There is no need for this renewed analysis, but even if we must return to fundamentals, the majority remains deeply wrong. Until 2010, this Court had generally allowed Congress to impose reasonable limits on the President’s default power to remove Executive Branch officials if doing so did not impair his ability to perform his constitutional duties. See Free Enterprise Fund, 561 U. S., at 515–516, 532–533 (Breyer, J., dissenting). Recently, however, the Court has seized the issue from the political branches by fashioning a “general rule” of mandatory, illimitable at-will Presidential removal. Seila Law, 591 U. S., at 215. From the start, the majority’s theory rested on shaky ground. Over time, its arguments have grown weaker still, as historical evidence has undermined key pillars of its theory. Today, the Court faced a choice: plow ahead, or acknowledge that the foundations on which the “general rule” of illimitable removal power rests are less stable than the Court has previously asserted. Unfortunately, the Court repeats and expands upon several prior errors that require correction.

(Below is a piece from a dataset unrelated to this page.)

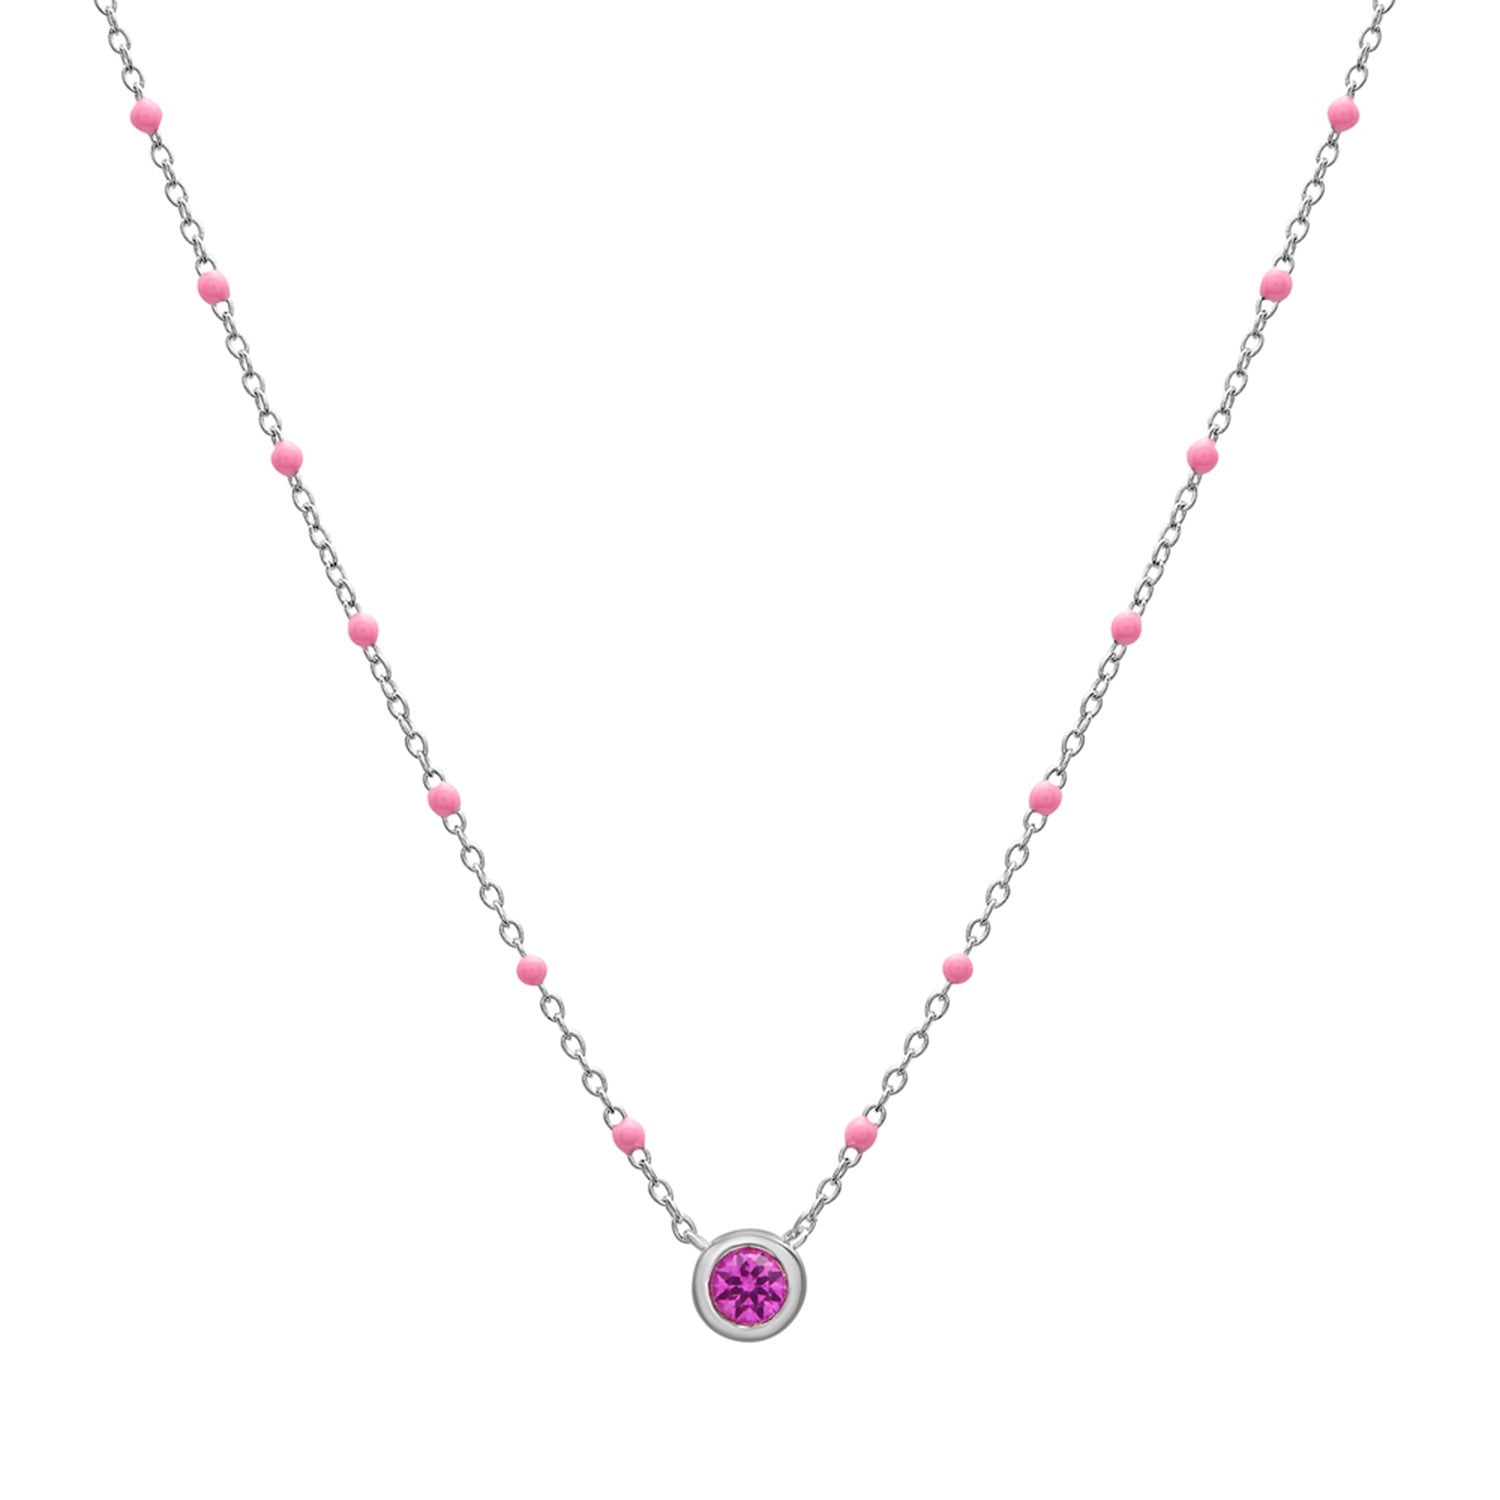 Birthstone Enamel Necklaces in Light Pink stone
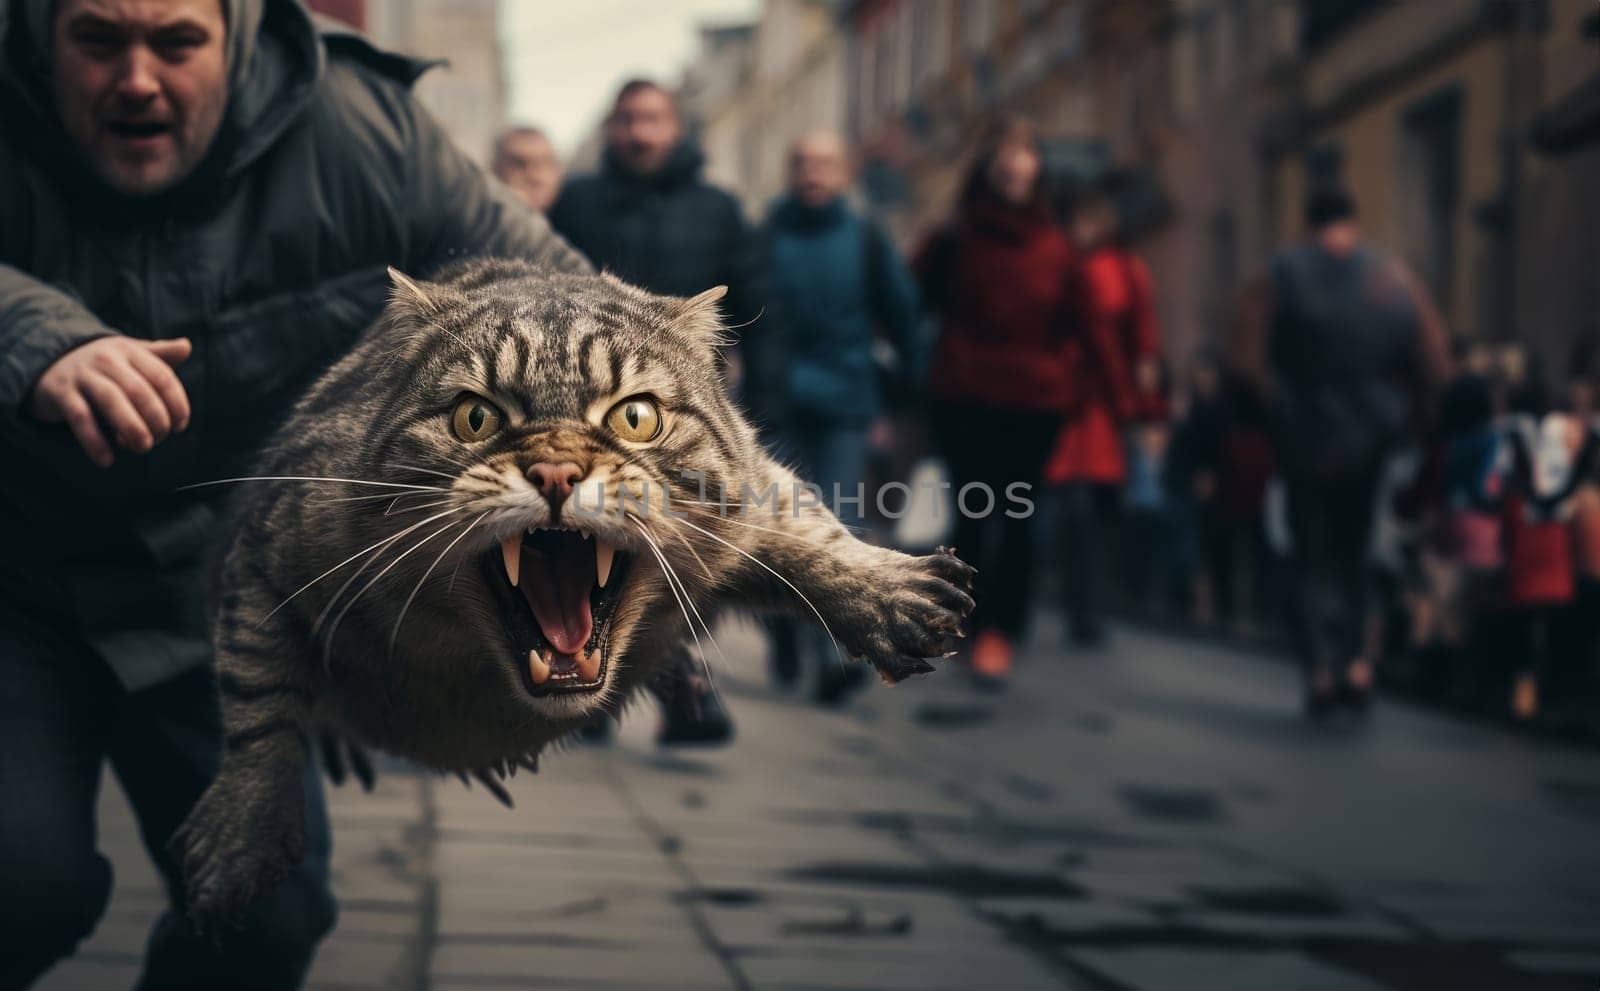 An aggressive cat on the loose in an urban environment poses a threat to both humans and animals

Beginning at the founding, there is no evidence that those who shaped or ratified the Constitution adopted the majority’s general rule of at-will removal. Indeed, the Court has long noted that, for the most part, “[t]he Constitution is silent with respect to the power of removal from office, where the tenure is not fixed.” Ex parte Hennen, 13 Pet. 230, 258 (1839). The one exception, and only explicit removal power granted in the Constitution, is for impeachment of the “President, Vice President, and all Civil Officers,” a power placed in Congress’s hands, not the President’s. See Art. I, §3, cls. 6–7; Art. II, §4.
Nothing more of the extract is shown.